Recorded data.
####################
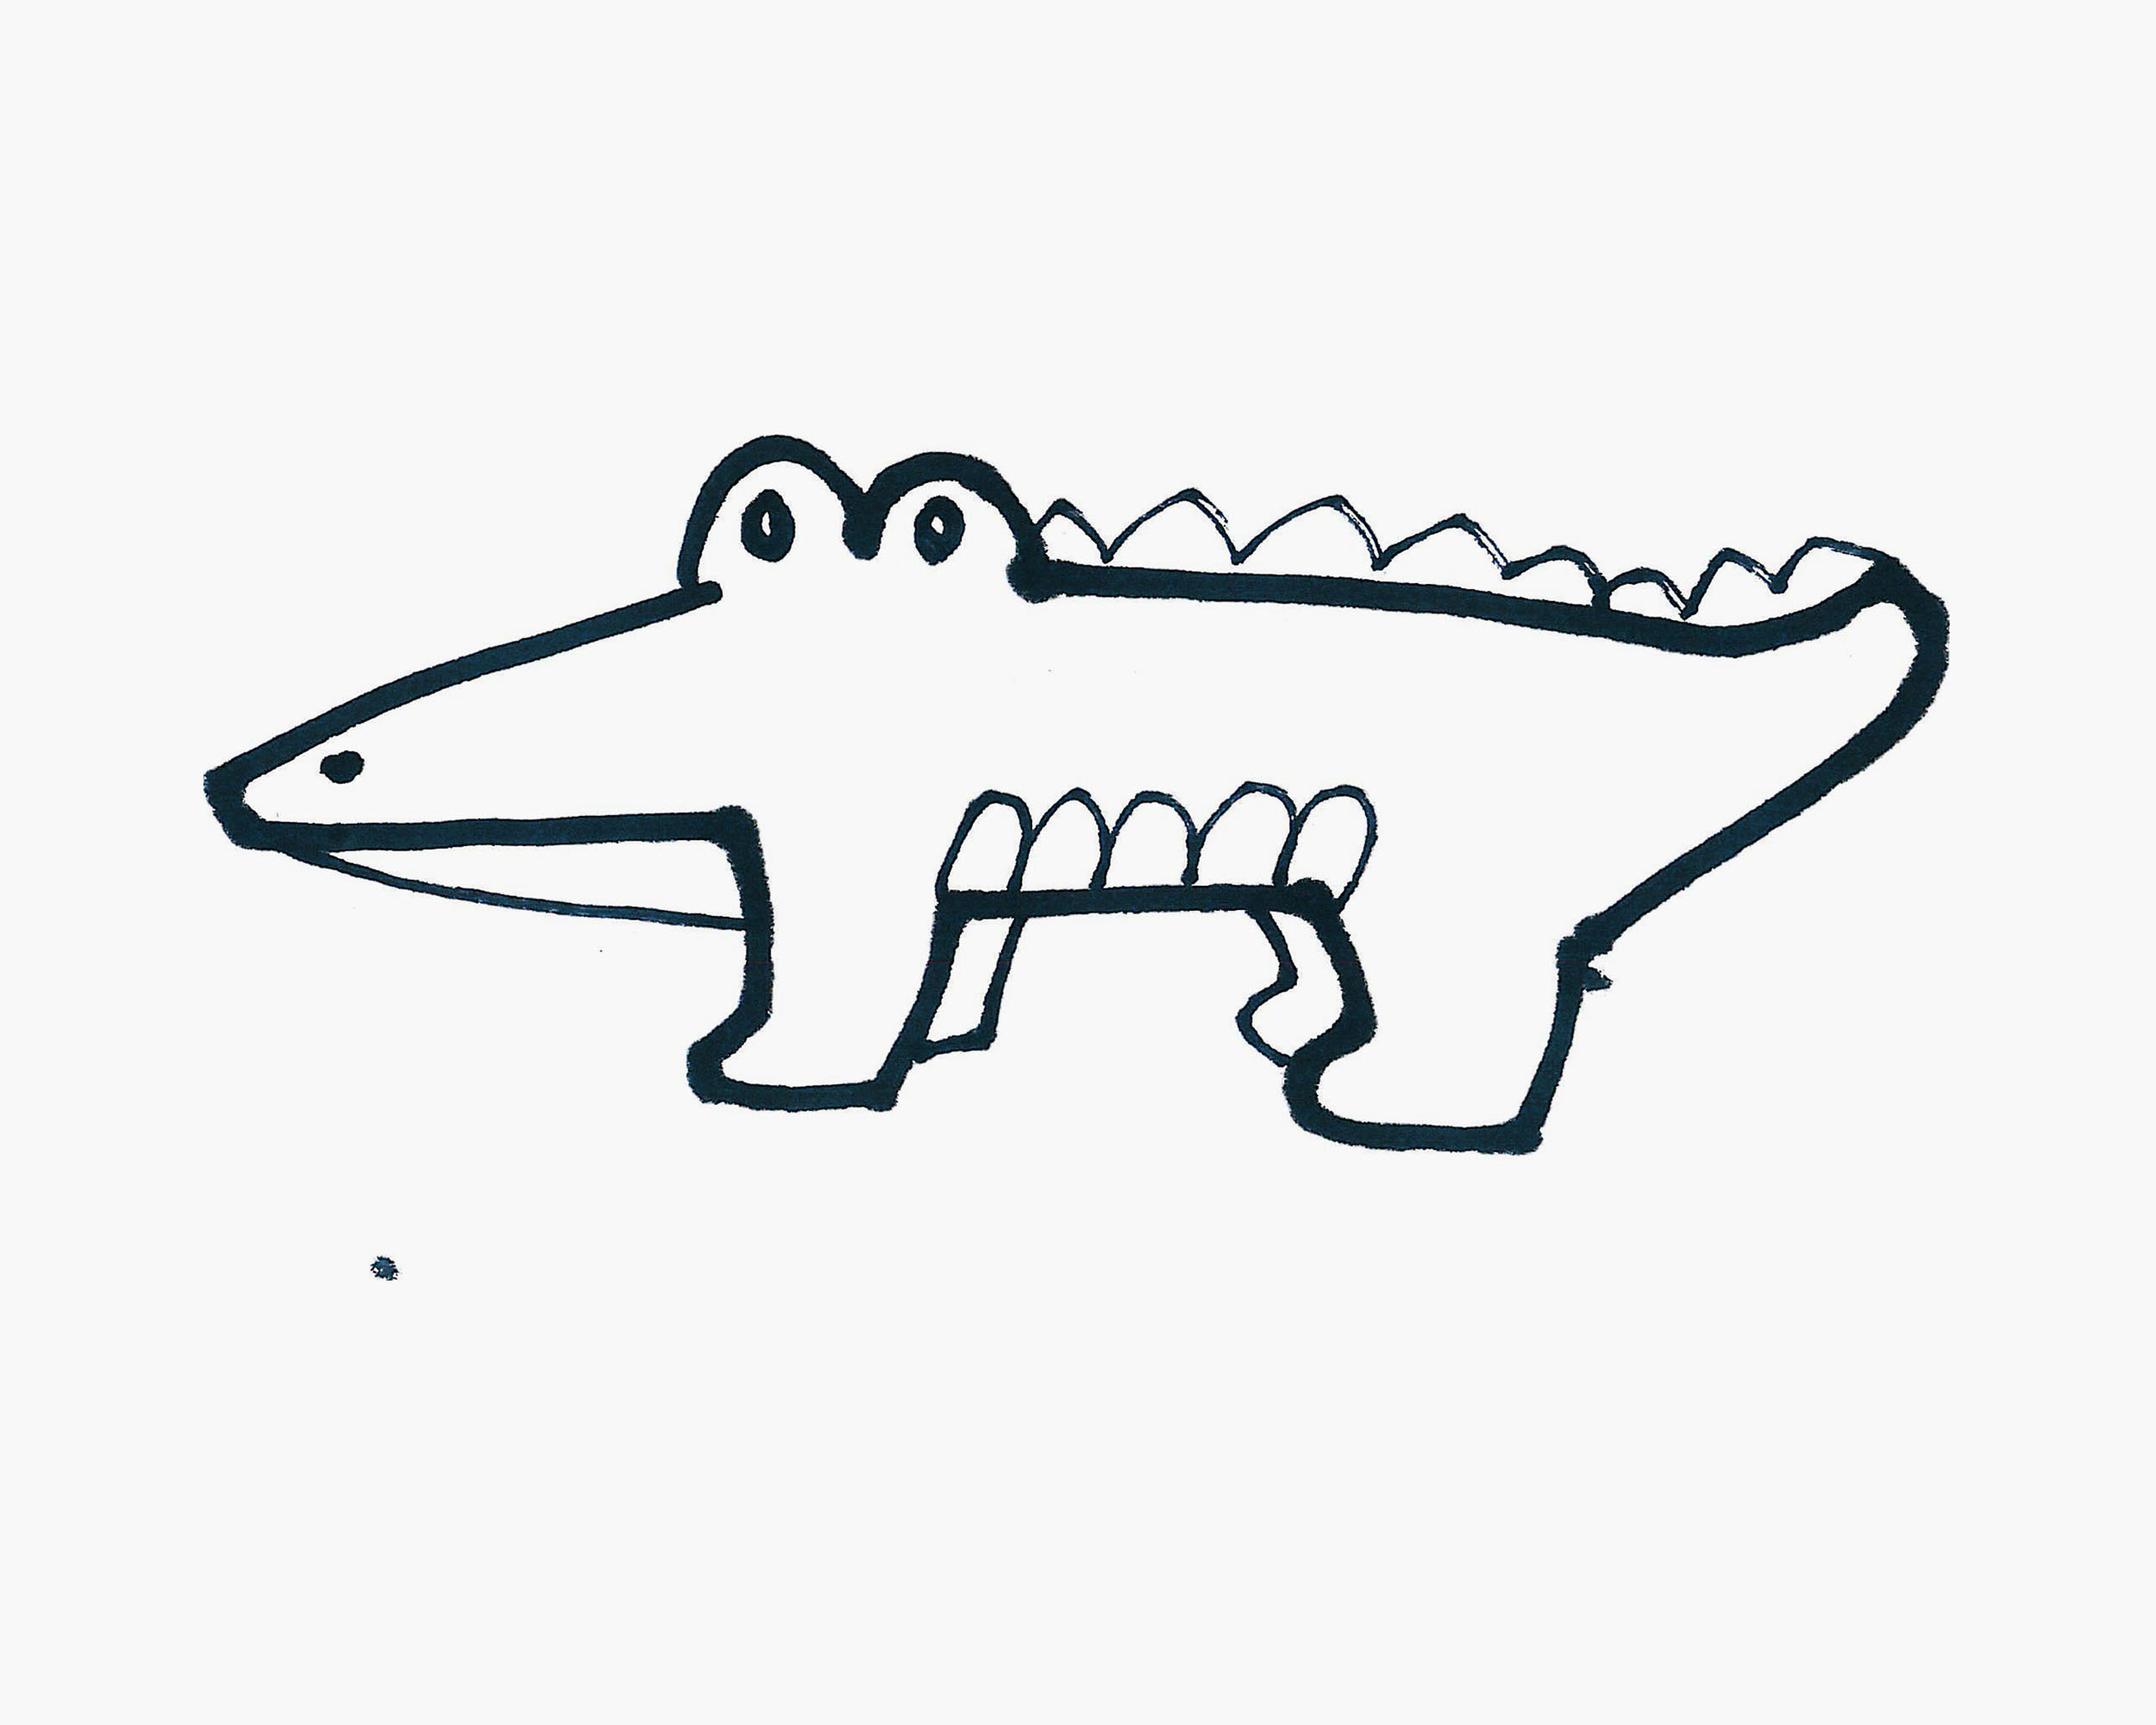 怎样画鳄鱼又像又简单图片
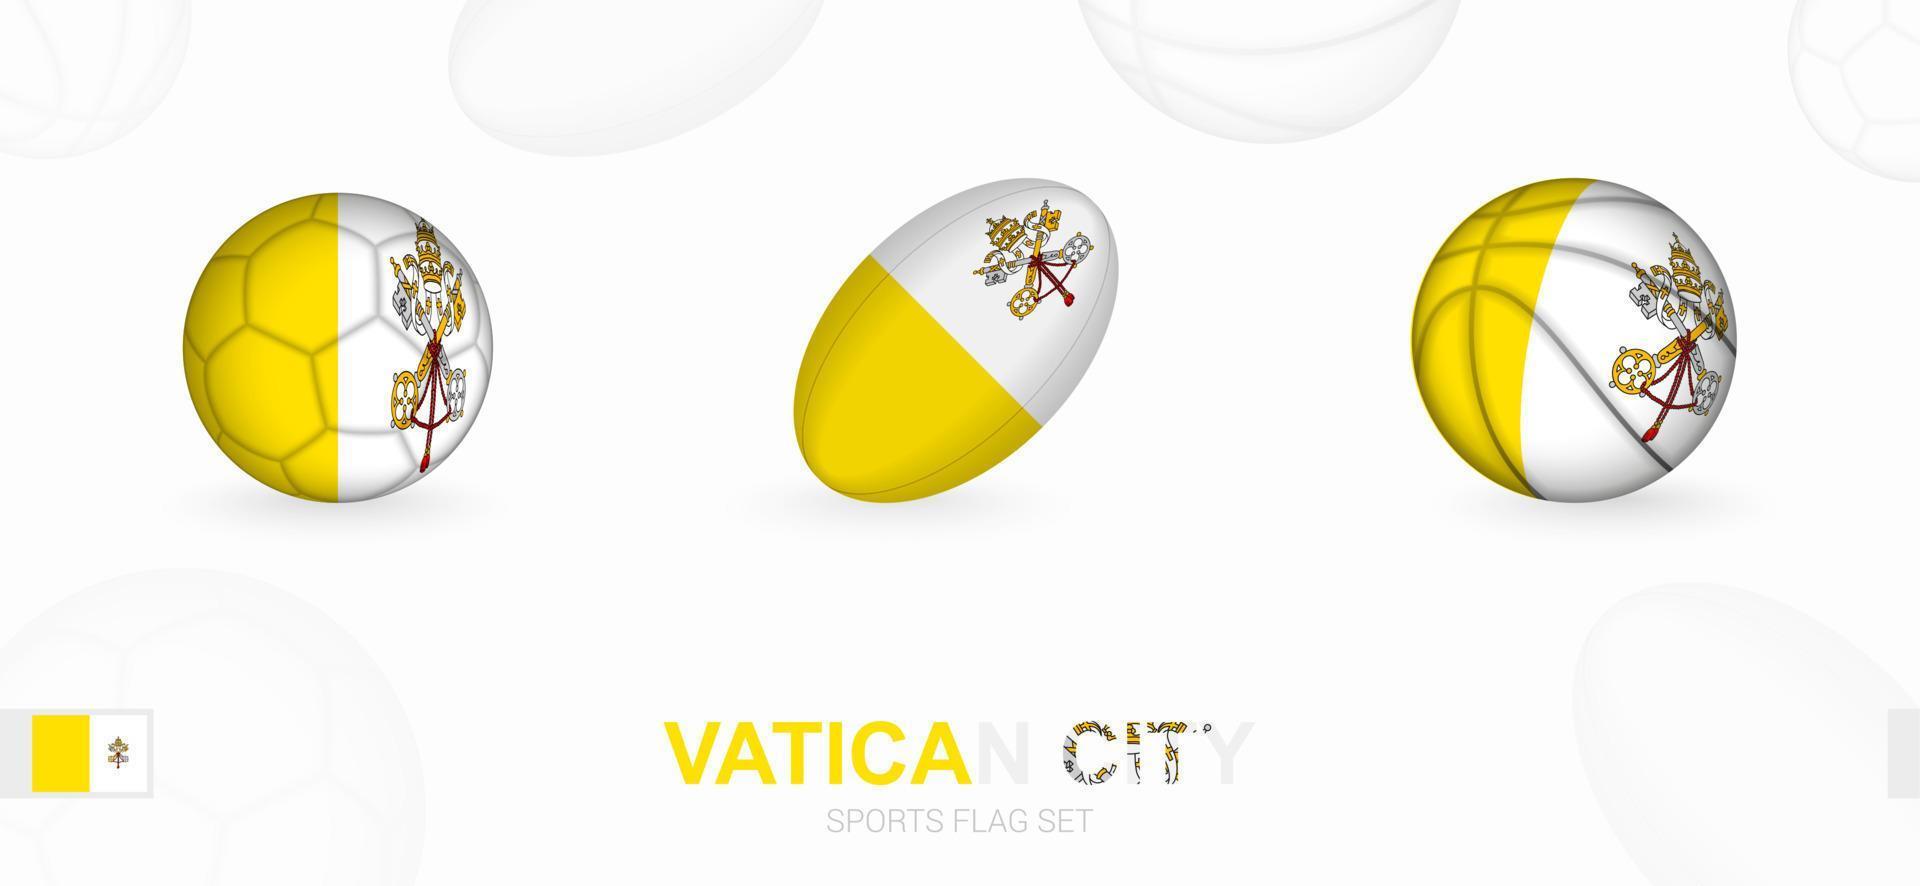 Deportes íconos para fútbol, rugby y baloncesto con el bandera de Vaticano ciudad. vector
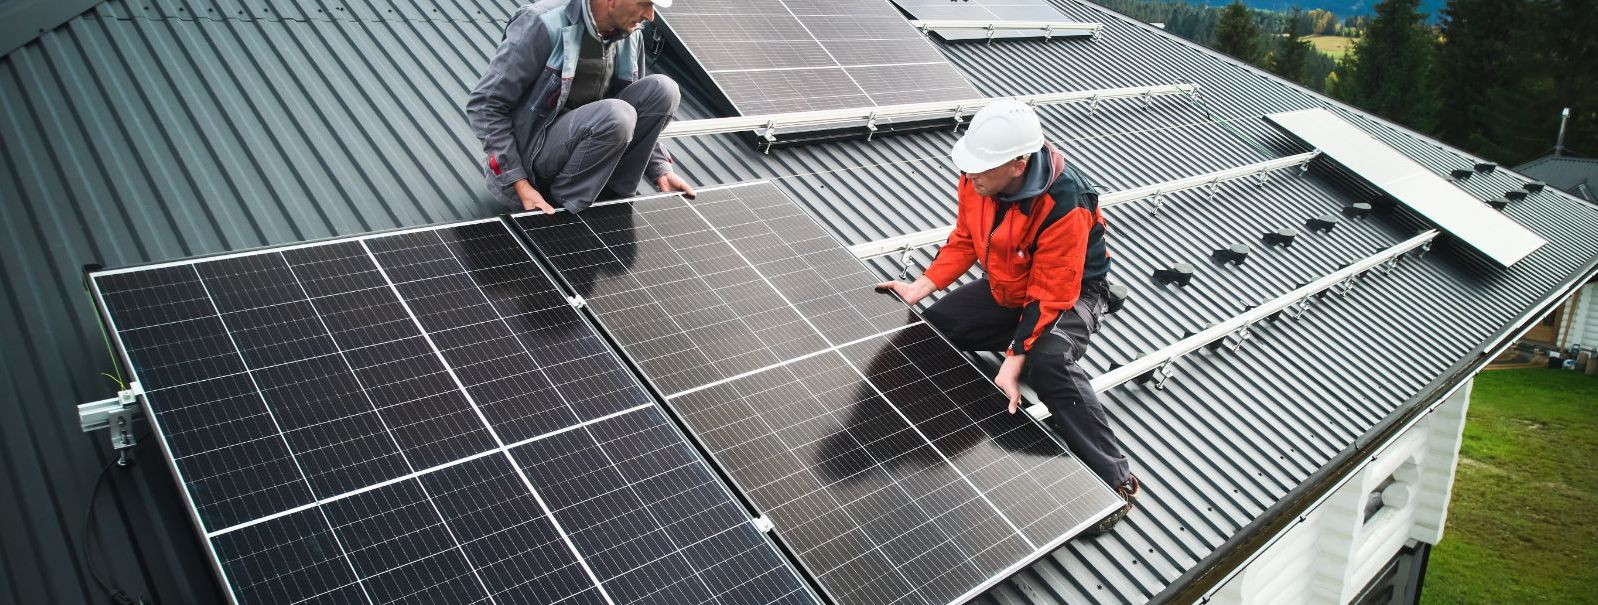 Kuna maailm otsib üha enam jätkusuutlikke lahendusi energiavajaduste rahuldamiseks, kerkib päikeseenergia taastuvenergia sektori esirinnale. Päikeseenergia kasu
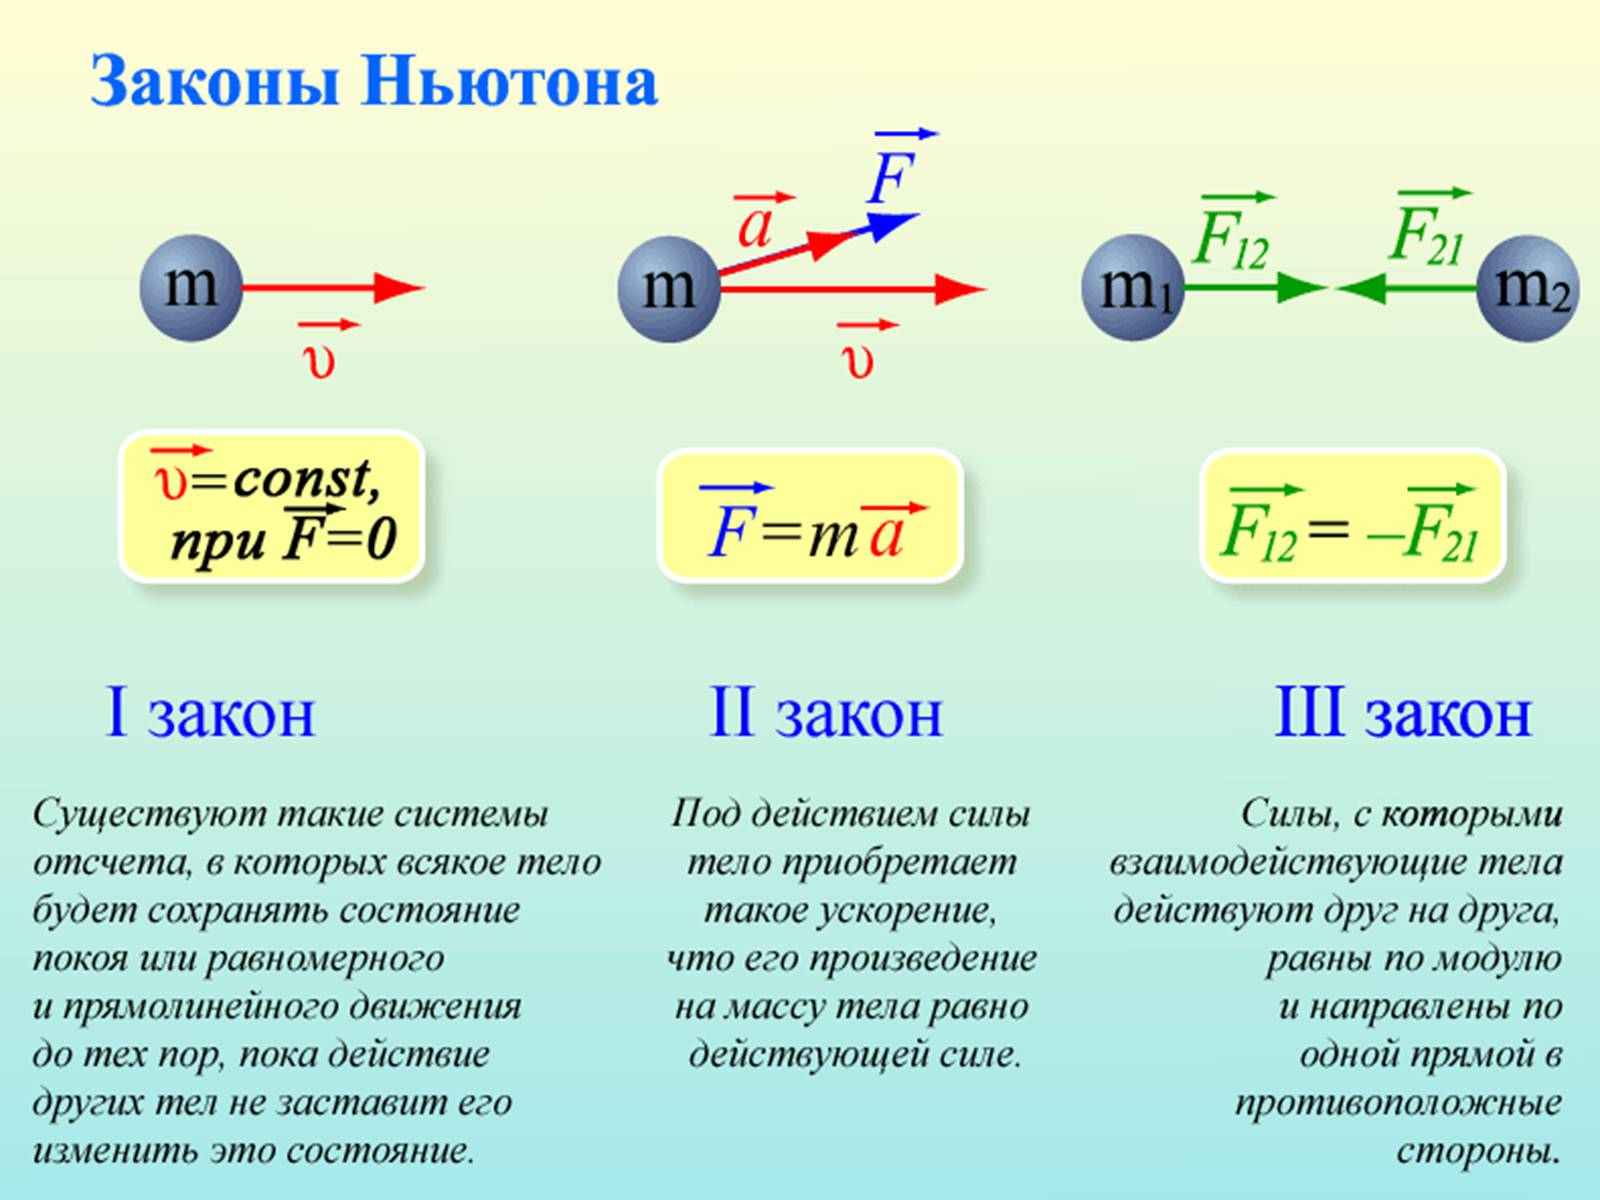 Формулировка трех законов Ньютона
####################
What you should do. Could you transcribe exactly the lines running from the one with "Kuna maailm otsib" to the final line of the material above, both included, with no pictures?

Response.
 Kuna maailm otsib üha enam jätkusuutlikke lahendusi energiavajaduste rahuldamiseks, kerkib päikeseenergia taastuvenergia sektori esirinnale. Päikeseenergia kasu
 Формулировка трех законов Ньютона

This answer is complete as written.